> _What is needed_
Please return the records below exactly as they stand, with the pictures removed.

--- START ---

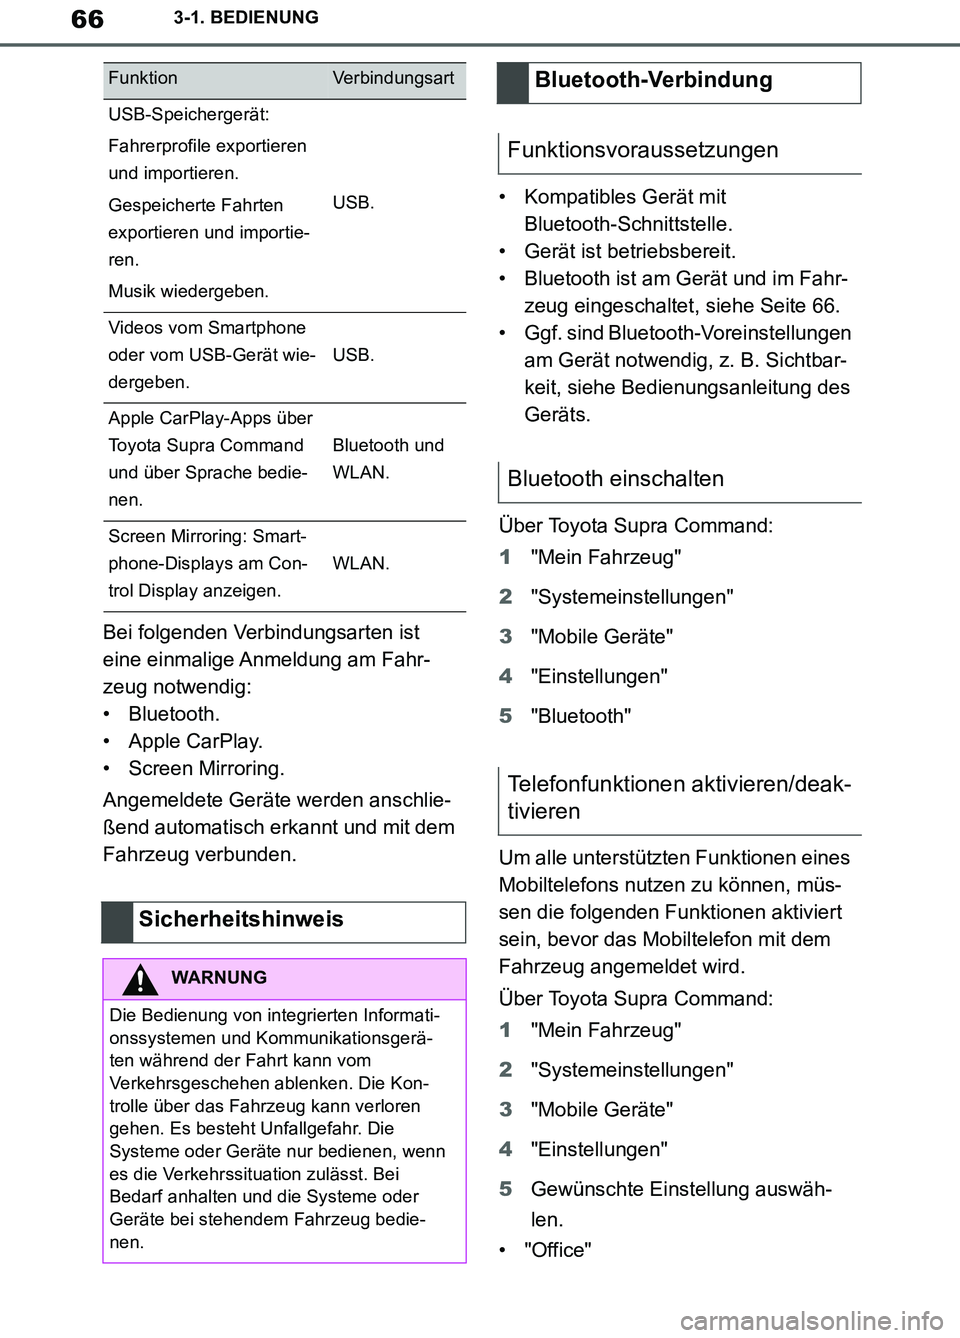 TOYOTA SUPRA 2019  Betriebsanleitungen (in German) 66
Supra Owner’s Manual_EM
3-1. BEDIENUNG
Bei folgenden Verbindungsarten ist 
eine einmalige Anmeldung am Fahr-
zeug notwendig:
• Bluetooth.
• Apple CarPlay.
• Screen Mirroring.
Angemeldete Ge

--- END ---

> _Answer to this task_
 TOYOTA SUPRA 2019  Betriebsanleitungen (in German) 66
Supra Owner’s Manual_EM
3-1. BEDIENUNG
Bei folgenden Verbindungsarten ist 
eine einmalige Anmeldung am Fahr-
zeug notwendig:
• Bluetooth.
• Apple CarPlay.
• Screen Mirroring.
Angemeldete Ge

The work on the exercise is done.